Develop Curriculum and Facilitate Workshops, Courses, and Events
We are going to organize a variety of spaces that connect people with each other and with resources and work to build a loving community. We plan to organize workshops for our zines, as well as courses on how to value your own thoughts; how to go plant-based and zero-waste; and how to be an adult in the 21st century. We also will create curriculum and lesson plans for teachers to use in their classrooms.
Nurture a Community Center, Intentional Living Community, and Sustainable City
This is my big, big dream! And I almost didn’t put it here, but then I’d be downsizing my dream and I promised not to do that. We will play an active role in making Los Angeles a sustainable city that is able to meet the needs of all its residents (plants, animals, and people) and learn from its mistakes.
We will start by hosting events, and hopefully through our events we will nurture a community. Our community will need a center, so we will set up one. From the community center, we will find like-minded dreamers who want to set up an intentional living community, and through our community we will be able to advocate for improved policies and urban design transformations that are love-centric, community-oriented, and truly meet the needs of its inhabitants.
Together, we can do this. And if you think I’m naive, I’m not. I’m idealistic.
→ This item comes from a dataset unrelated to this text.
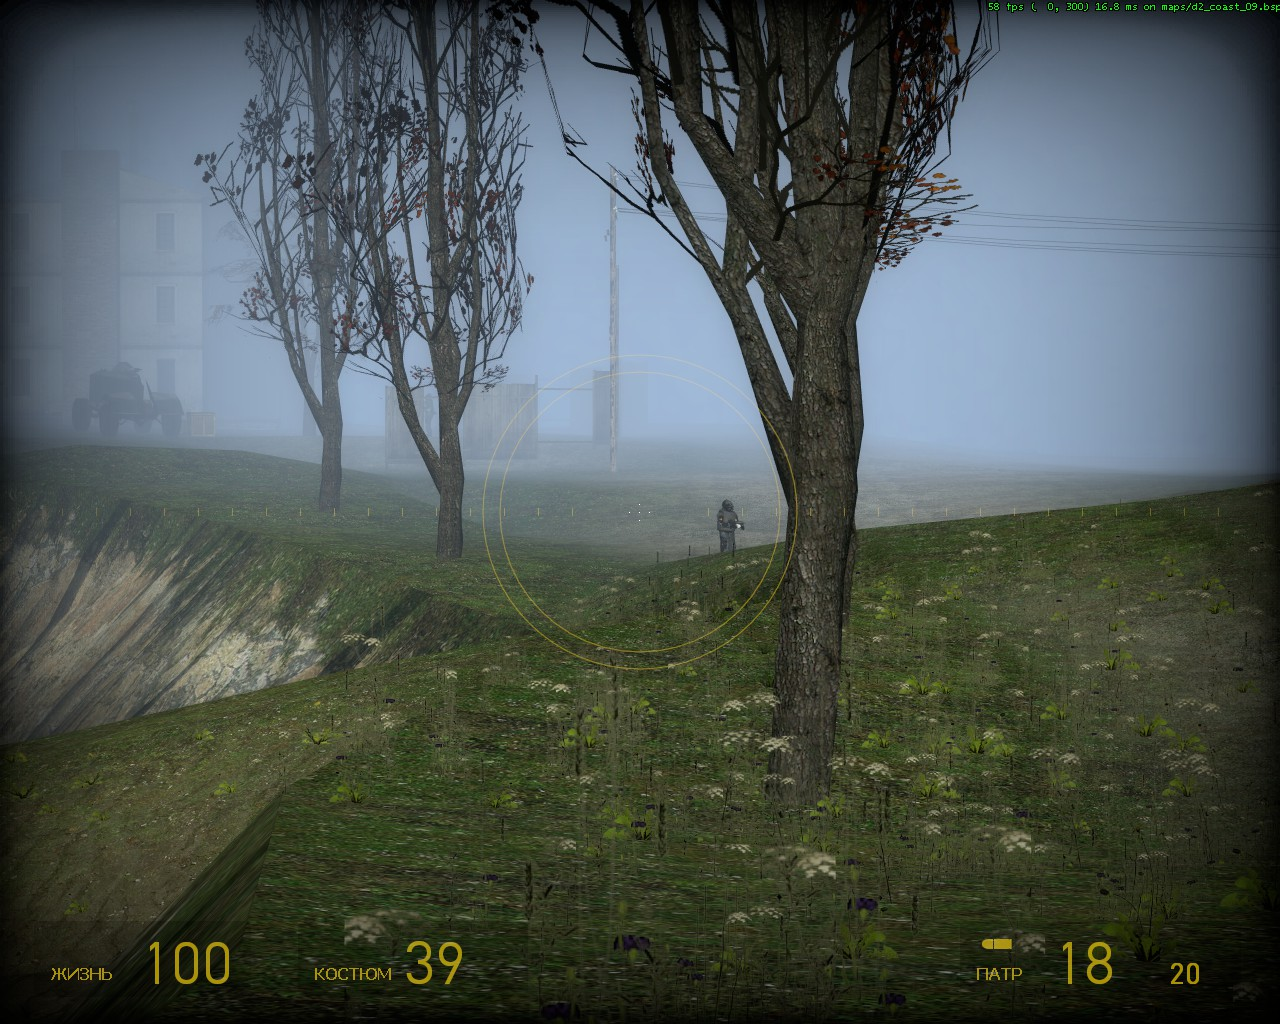 d2_coast_090005.jpg - Half-Life 2

As Angel Eduardo shared on the Center for Inquiry website, “Idealism isn’t naïveté—it’s ambition. It’s a refusal to concede the future to the present. It’s knowing how you want the world to be, orienting your behavior in that direction, and trying to inspire others to do the same. It’s also an acknowledgment that our fates are intertwined. Whether we ultimately agree or not, whether we try to communicate or not, whether we choose to be compassionate or not, we have to accept that we’re all on the same boat. We will sink or sail together, and we ignore this fact at our own peril.”
We’re in this together!
But what is a literary pixie? A word I made-up at 18, but will now take seriously.
Below is my journey to define this word:
Step 1: Google Literary:
Literary = (according to Cambridge Dictionary ) connected with literature
then WTF is literature?
Step 2: Google Literature:
Literature = writing that has lasting value as art
Then What the fuck is art?
Step 3: Google Art:
Okay, that makes sense.
Now onto Pixie.
Step 4: Google Pixie:
Pixie = a small imaginary person
Nah, dont like it.
Step 5: Google Pixie again:
Or Merriam Webster –
a cheerful mischievous sprite
Step 6: Google Sprite.
sprite = small imaginary person with wings connected to water
Step 7: Google Mischievous
I have it!!!
(noun) an imaginary persona created to express particular ideas and feelings that are taboo, controversial, or challenging with the intention to stimulate questions, reflection, discussion, and inevitably positive, lasting change within their unique community.